Noise / quality reporting in Session JSON

  • Each task carries a noise dict when record_time_series=True: samples_captured, samples_expected, drop_ratio, power_mean_w, power_std_w, power_cv_percent, sample_interval_ms, quality (excellent <2 %, good <5 %, moderate <10 %, high-noise >=10 %).
  • totals.worst_power_cv_percent and totals.noise_warnings roll up across tasks.
  • RuntimeWarning emitted at stop() for any task with CV >=10 % or sample drop >=20 %, so unreliable readings are never silent.
  • Computation runs once at finalize on already-captured samples; bias-checked at -0.05 % vs record_time_series=False on identical workloads (3 fresh subprocesses each, GPT-2 generation).
  • CSV export gains power_cv_percent, samples_captured, samples_expected, drop_ratio, quality columns.

Documentation

  • API reference now documents record_time_series=True overhead: mean unchanged (<=0.3 %), run-to-run spread slightly widens because the drain thread competes briefly with the workload for CPU.

v0.4.0

Manual span-based measurement (codegreen.Session)

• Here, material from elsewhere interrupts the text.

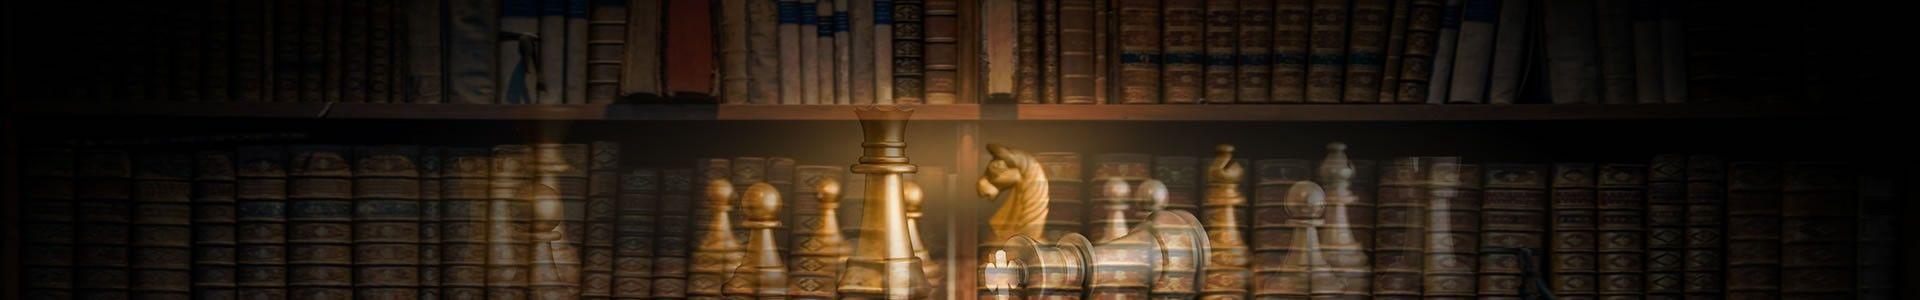 Libros de Ajedrez y Ebooks | Ajedrez21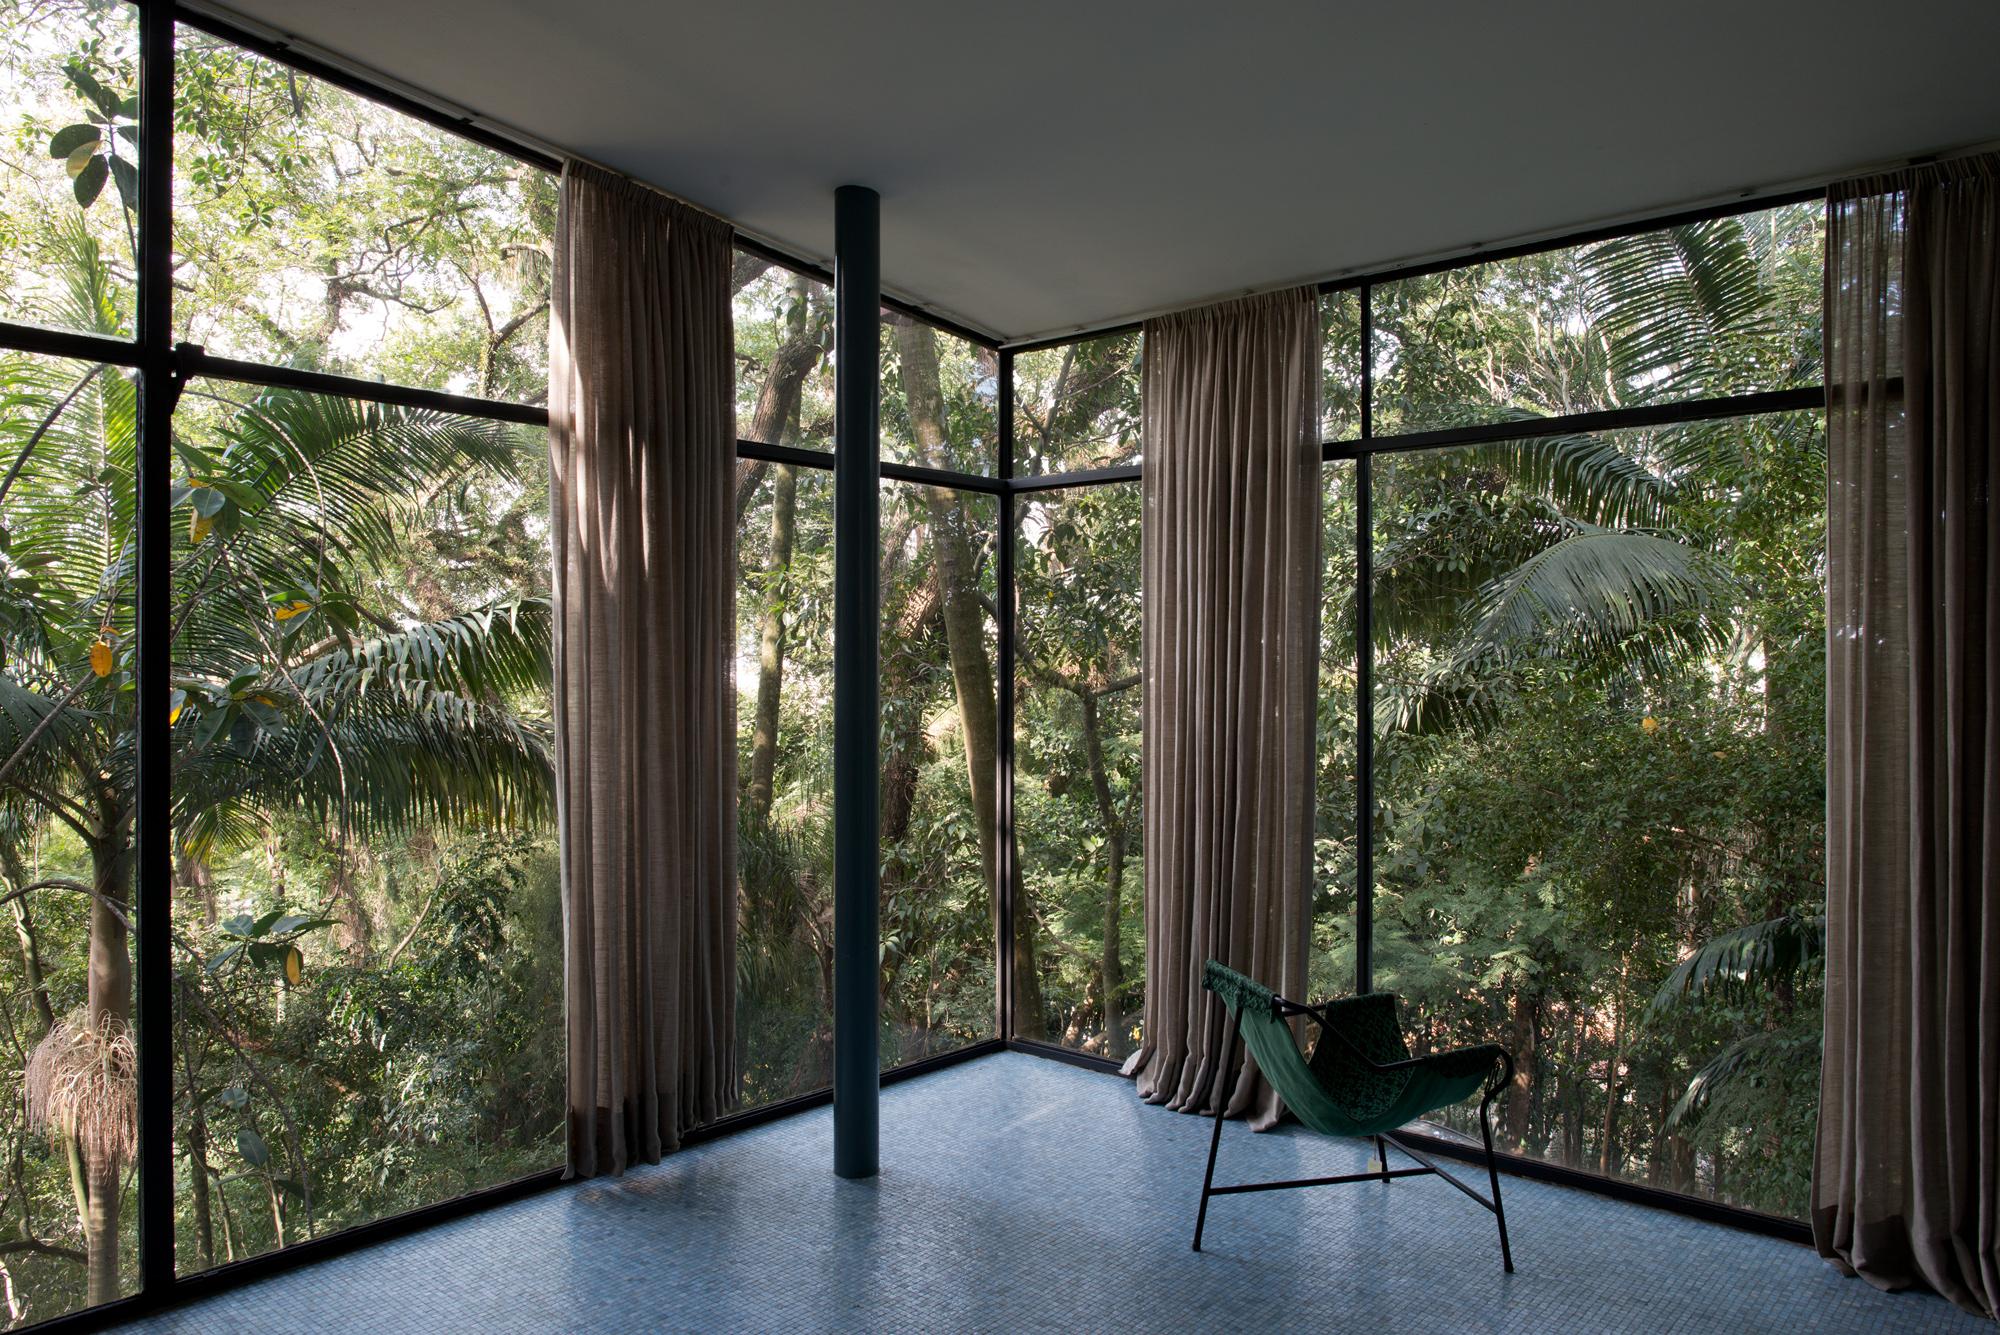 Casa de Vidro, São Paulo, 1949-1951, fot.Markus Lanz, 2014

  • New codegreen.Session class -- import directly, bracket code regions as named tasks; reads RAPL/NVML hardware counters in-process.
  • Three forms: context manager (with s.task(...)), explicit start_task("X") / stop_task("X"), decorator (@codegreen.task("name")).
  • Per-task energy + per-RAPL/NVML domain breakdown (package-0, core, gpu0, etc.) computed atomically in NEMB ABI v2.
  • Nested tasks supported; per-thread task stacks for concurrent use.
  • Single-Session-per-process guard; cross-process pidfile detection (RAPL is system-wide).
  • Atexit cleanup -- file written and drain thread joined even if user forgets .stop().
  • JSON output by default (codegreen_<pid>.json); CSV opt-in via .csv extension or output_format="csv".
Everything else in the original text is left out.